As part of the Power of Feedback series, Stanford Social Innovation Review conducted a survey of 1,986 nonprofit, foundation, and other charitable sector leaders. The survey found that 88 percent of the leaders prioritize gathering client feedback, and 44 percent of them see it as a “high priority” or “top source of insight” for continuous program improvement.

However, the survey also showed that only 13 percent of social sector leaders believe they have been able to turn their feedback aspirations into a reality. When asked about the causes for this disparity, two-thirds of those whose organizations were not collecting client feedback stated that the greatest barrier to implementing feedback systems was limited staff time and/or resources, and 20 percent of respondents said it was “too complicated” or “too costly.”

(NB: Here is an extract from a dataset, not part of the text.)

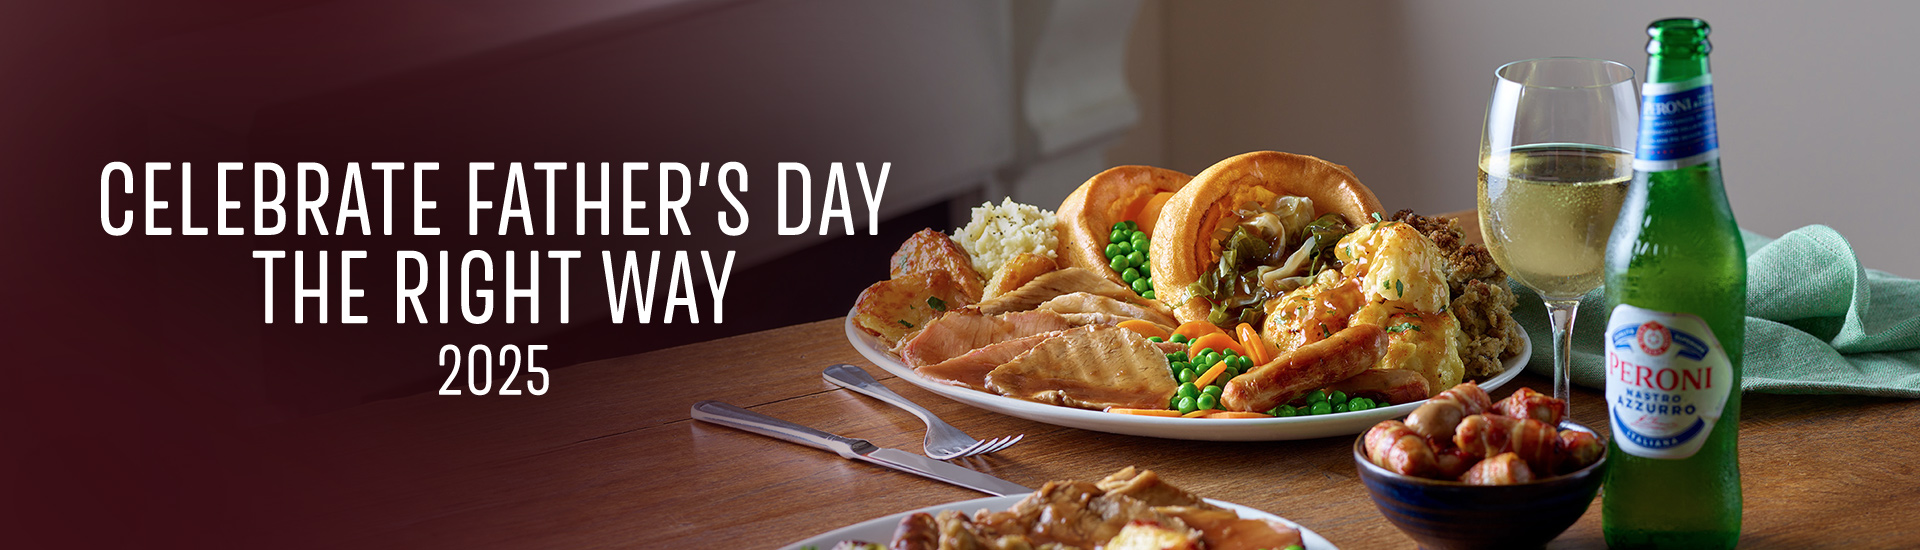 Father’s day carvery in Birmingham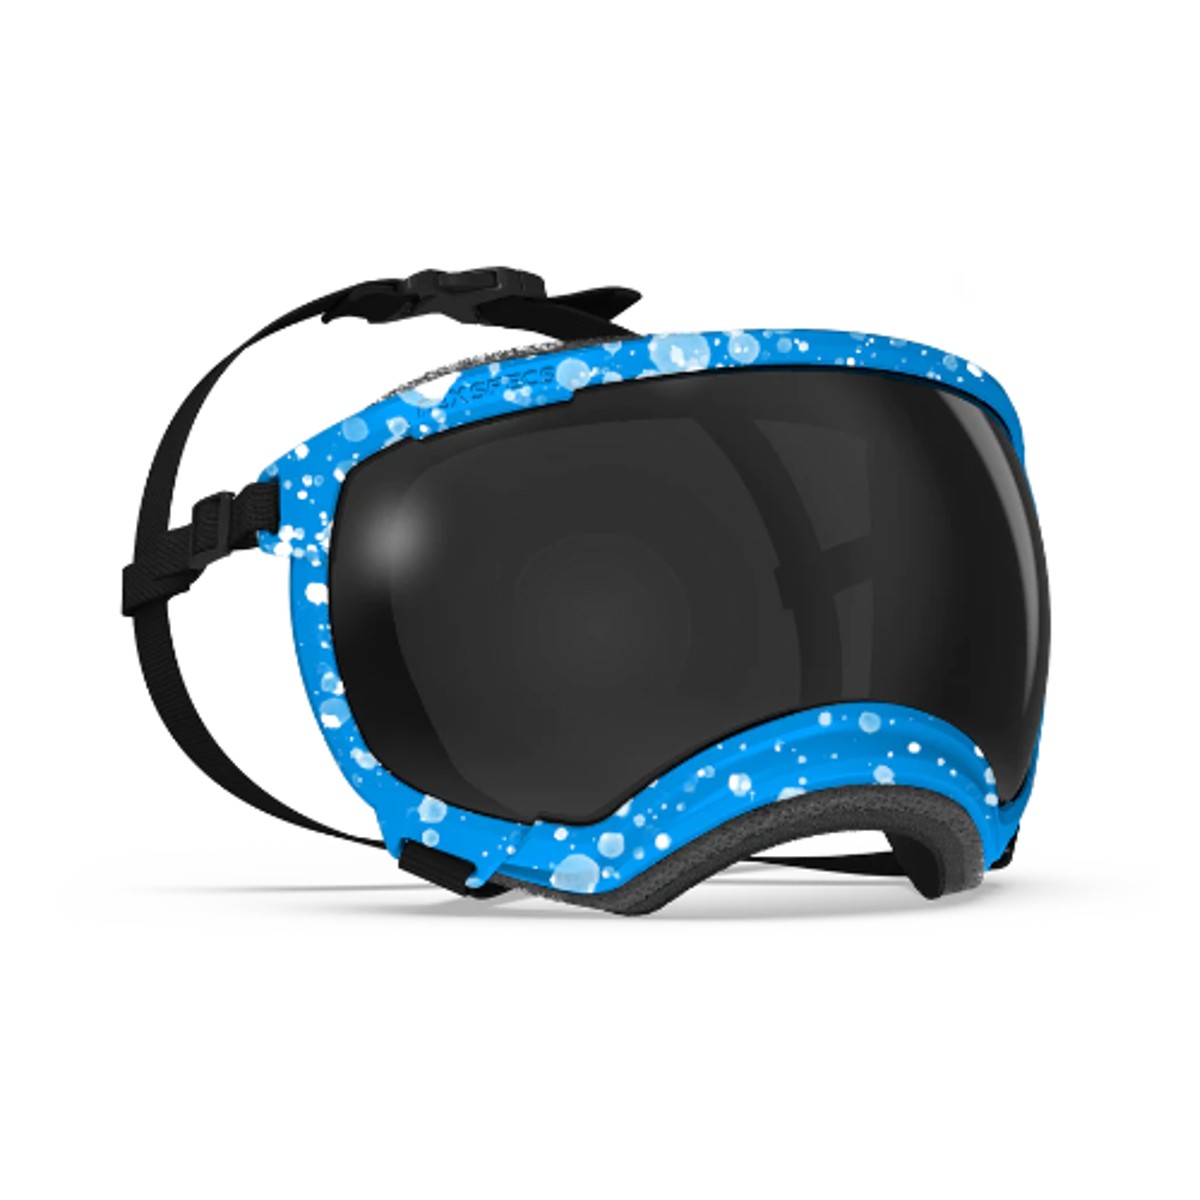 Rex Specs V2 Dog Goggles - Limited Edition Partly Cloudy

“The case for gathering feedback from the people you are trying to help seems obvious, but the practice is still rare—often for lack of resources and know-how,” said Larry Kramer, president of the William and Flora Hewlett Foundation, which is looking for ways to incorporate feedback into its own grantmaking. “We have a lot to learn, and I’m encouraged by the growing recognition among funders and nonprofits alike that listening to the people we seek to help can make us more effective. It’s the right thing to do, the smart thing to do—and, with new technology, it’s an easier thing to do.”